Assignment
Would you repeat each line below exactly, without the pictures?

Collected material
═══
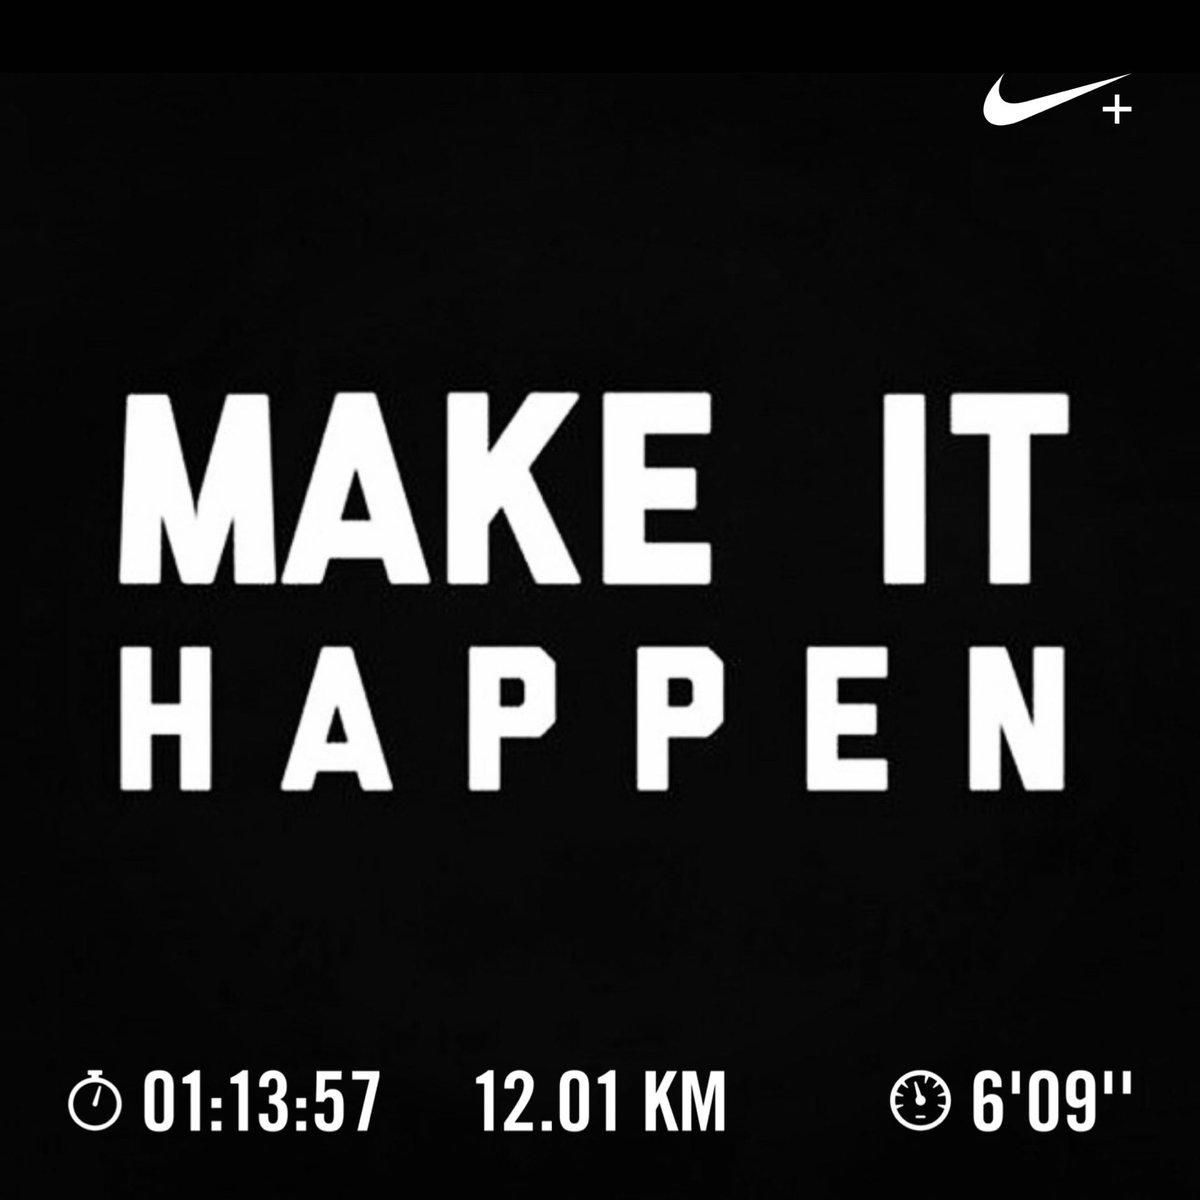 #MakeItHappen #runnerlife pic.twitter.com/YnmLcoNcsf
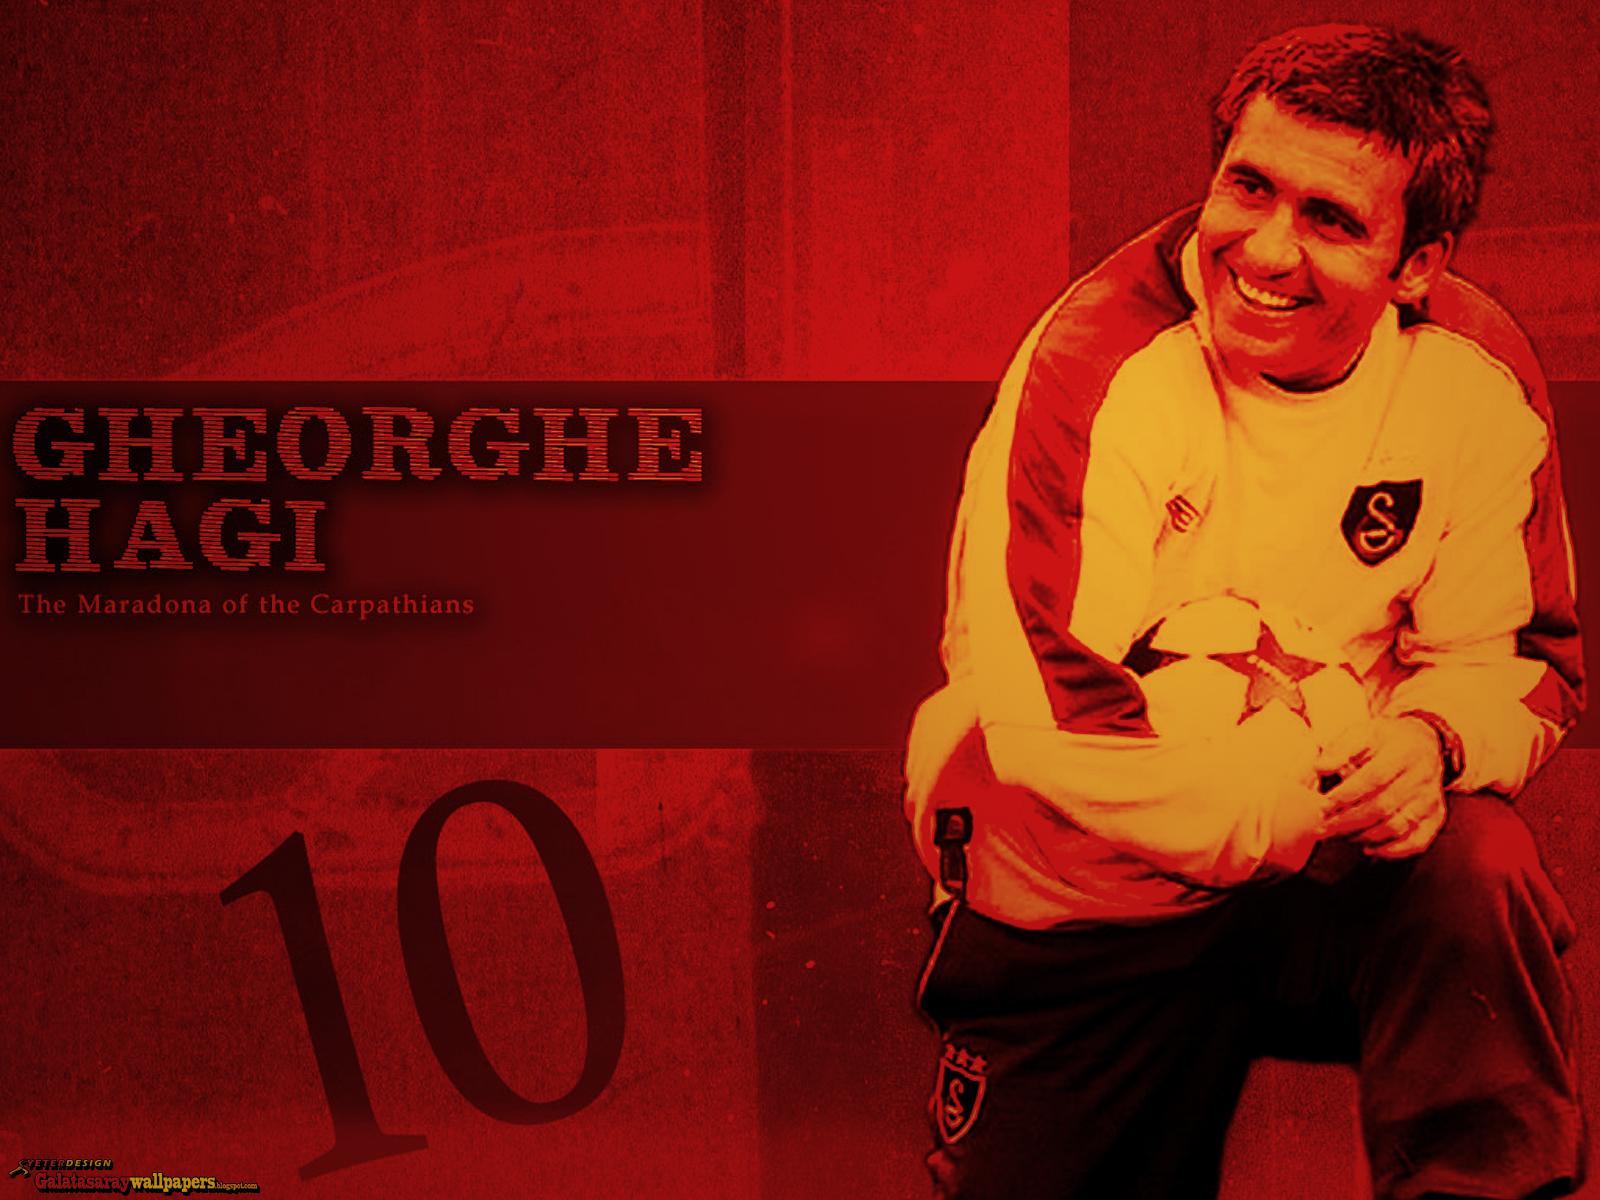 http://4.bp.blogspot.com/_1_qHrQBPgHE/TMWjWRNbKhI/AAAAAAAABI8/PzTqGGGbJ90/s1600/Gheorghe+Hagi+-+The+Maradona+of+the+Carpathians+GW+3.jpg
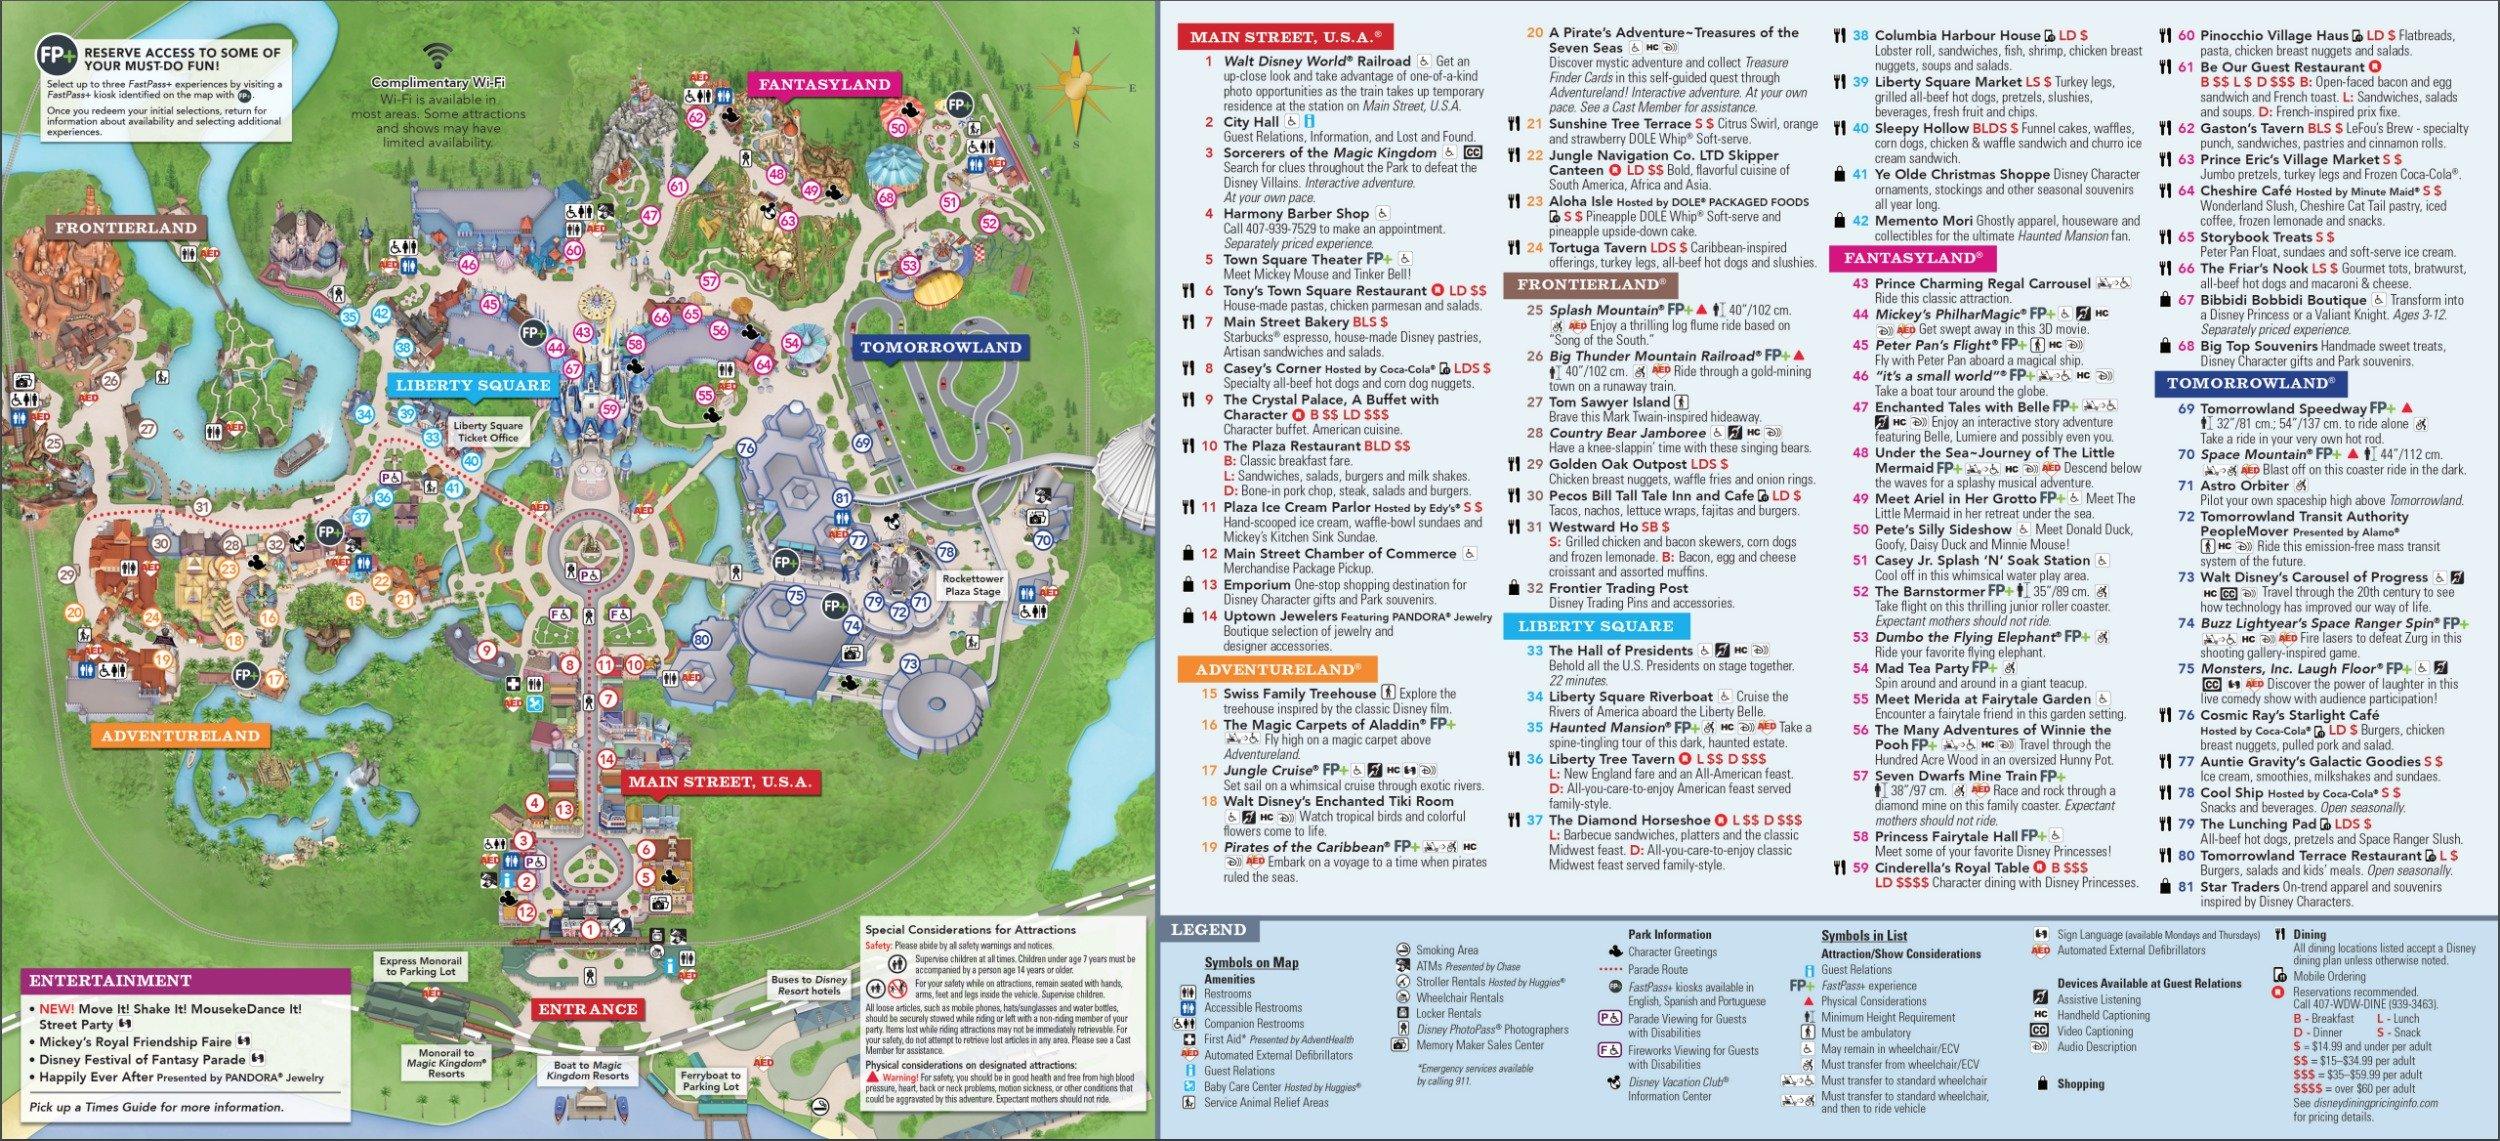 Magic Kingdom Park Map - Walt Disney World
═══
Result for this exercise
 #MakeItHappen #runnerlife pic.twitter.com/YnmLcoNcsf
 http://4.bp.blogspot.com/_1_qHrQBPgHE/TMWjWRNbKhI/AAAAAAAABI8/PzTqGGGbJ90/s1600/Gheorghe+Hagi+-+The+Maradona+of+the+Carpathians+GW+3.jpg
 Magic Kingdom Park Map - Walt Disney World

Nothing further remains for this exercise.